Results from her test samples haven’t been returned from the lab yet, so she doesn’t know whether the fungus is on any salamander in the Tennessee River Valley Gorge, where her research is taking place.
When testing for chytrid, she also takes basic measurements of the salamander such as head width, tail length and body length.
“We are doing it for the same reason we are testing for chytrid,” she said. “The more data available the better it is for the scientific community and the more information there is, the more helpful it is to future researchers.”
In Gaylord’s research, her predictive computer model and real-world numbers are lining up very well, she said. Checking at multiple locations, she said, the computer accurately predicted where more salamanders should be and where less should be.

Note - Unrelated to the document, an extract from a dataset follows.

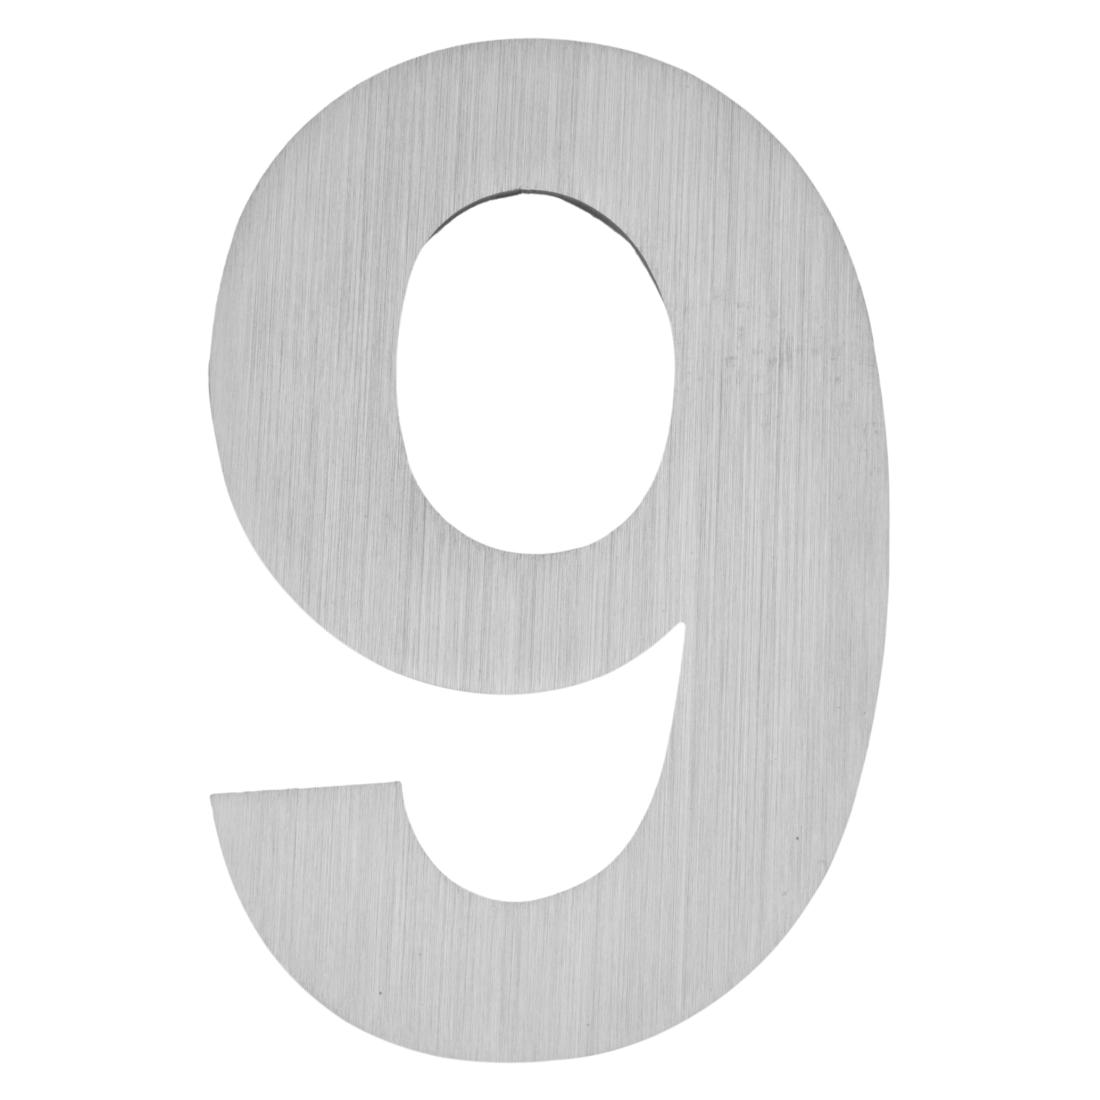 hausnummer zum aufschrauben 9 matt geb rstet edelstahl matt geb rstet silber moebel. Black Bedroom Furniture Sets. Home Design Ideas

“I’m taking various measurements at these points of the habitat,” she said. “I’m looking to see if they’re there or if they’re not there.”
In their research, Gaylord and Cobb use GPS software, test tubes and cotton swabs, tape measurements and grimy grunt work to find, test and record salamander information. They walk across water-slick rocks and search at the foot of cliff faces. Oh yeah, and they scrunch under boulders.
Beneath the spiderweb-y rock, they found a slimy salamander—yes, “slimy” is part of its official name—and tried to snag it, but the two-inch bugger scooted away into a nearby crevice.
At times, they find more than salamanders. In her research travels, Cobb has seen a copperhead and been up close and personal with a “giant” timber rattlesnake.
“It was my first week surveying and I was alone,” she recalled. “I tripped and my foot got stuck in a hole. I was so concerned that I had rolled my ankle and I had a mile hike out.”
That worry took a backseat when she looked down and saw a coiled rattlesnake a few feet away. It wasn’t rattling its tail, so it wasn’t upset. She was upset enough for the both of them.
“Then I calmed down and I took a picture,” she said with a laugh, showing a cellphone photo of the snake. Yeah, it’s big.
As an added insult, she didn’t find any green salamanders that day.
“I found that rattlesnake, but I couldn’t find a green. But that’s just the name of the game.”